Variant 3 abstract (338 слов)

Paper (and other cellulose-based materials) are underexploited as materials for the construction of “high-tech” and “lab-on-a-chip” devices. One major drawback of paper is its tendency to absorb water from the environment and, to change its mechanical properties. The goal of this thesis is to develop paper as a substrate for a range of applications— microfluidics, substrates for electronic systems and MEMS, low-cost diagnostics, cell biology, and optics. The approach involves chemically modifying the surface of the paper to provide new functions without altering any of its defining properties: mechanical flexibility, foldability, light weight, gas permeability, and low cost.

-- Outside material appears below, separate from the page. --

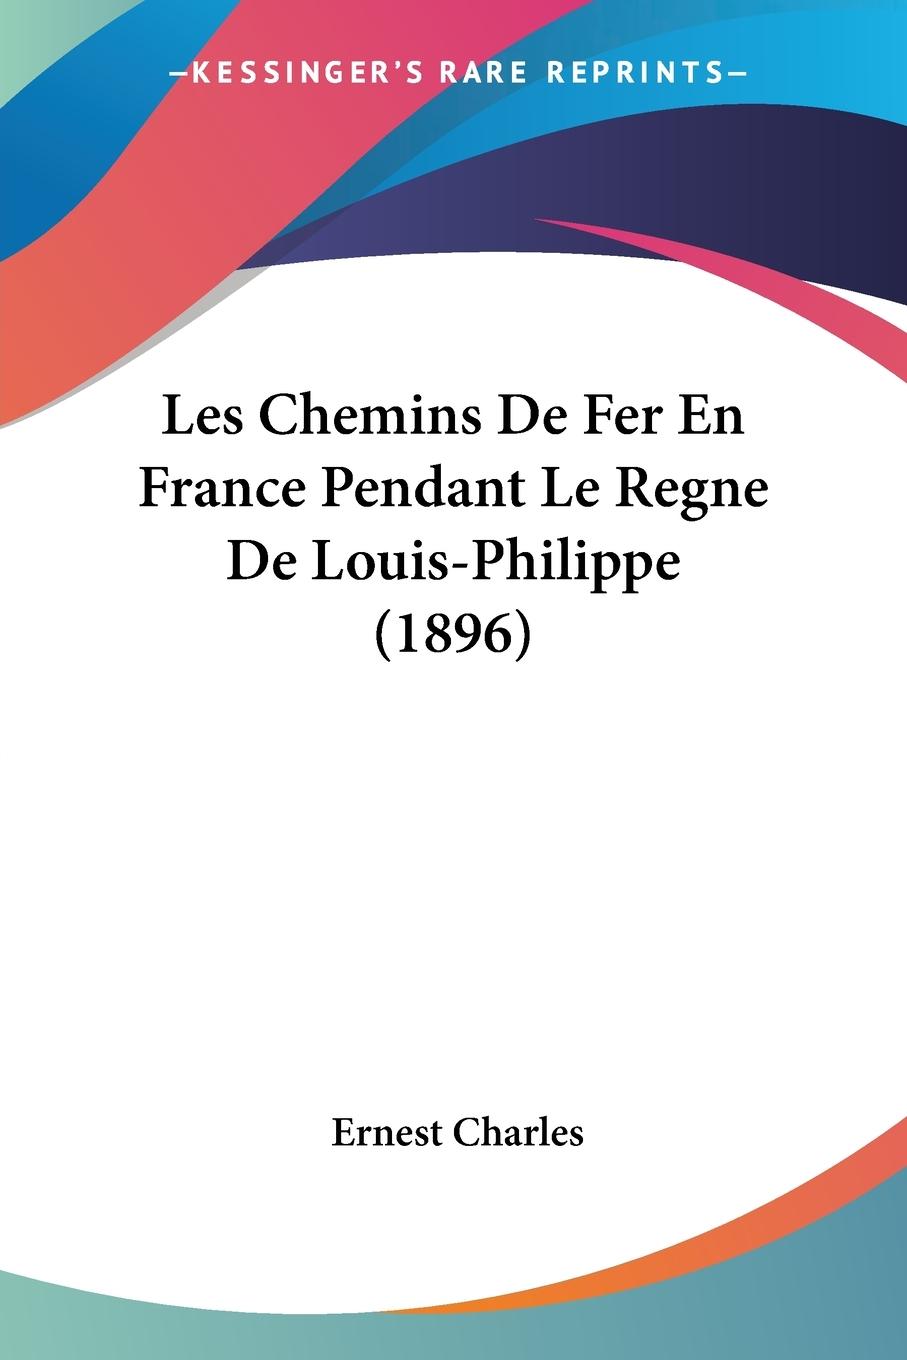 Les Chemins De Fer En France Pendant Le Regne De Louis-Philippe (1896) - Charles, Ernest

The first part of my thesis describes the modification of paper by silanization with organosilanes such as alkyl- and fluoroalkyl trichlorosilanes in the gas phase. Chapter 1 and Appendix 3 demonstrate that the combination of long fluoroalkyl chains of grafted siloxanes with the micro-scale roughness and porosity of paper yielded a material that is omniphobic . Appendix 3 shows that features of omniphobic paper can be used to construct microtiter plates and liquid-filled gas sensors using standard paper folding techniques, while Appendix 4 shows that new type of microfluidic device fabricated by carving microchannels into the surface of omniphobic paper.

The second part of my thesis is focused on engineering the surface of paper to enable efficient immobilization of capture and target molecules for bioanalysis. In one approach, described in Appendix 5, we exploit the ease with which the surface chemistry of paper (i.e. the surface of the cellulose fibers making up the paper) can be modified. In a second approach, described in Chapter 2, we developed of an efficient procedure for assembling microarrays of ssDNA and proteins on paper, at the lowest practical cost.

The third part of my thesis describes the simple, inexpensive fabrication of electrodes for paper-based electrochemical systems. A first method describes, in Appendix 6, the development of inkjet printing as a method for high resolution printing of conductive patterns on omniphobic “RF” paper. A second method, described in Chapter 3, circumvents the need for printing.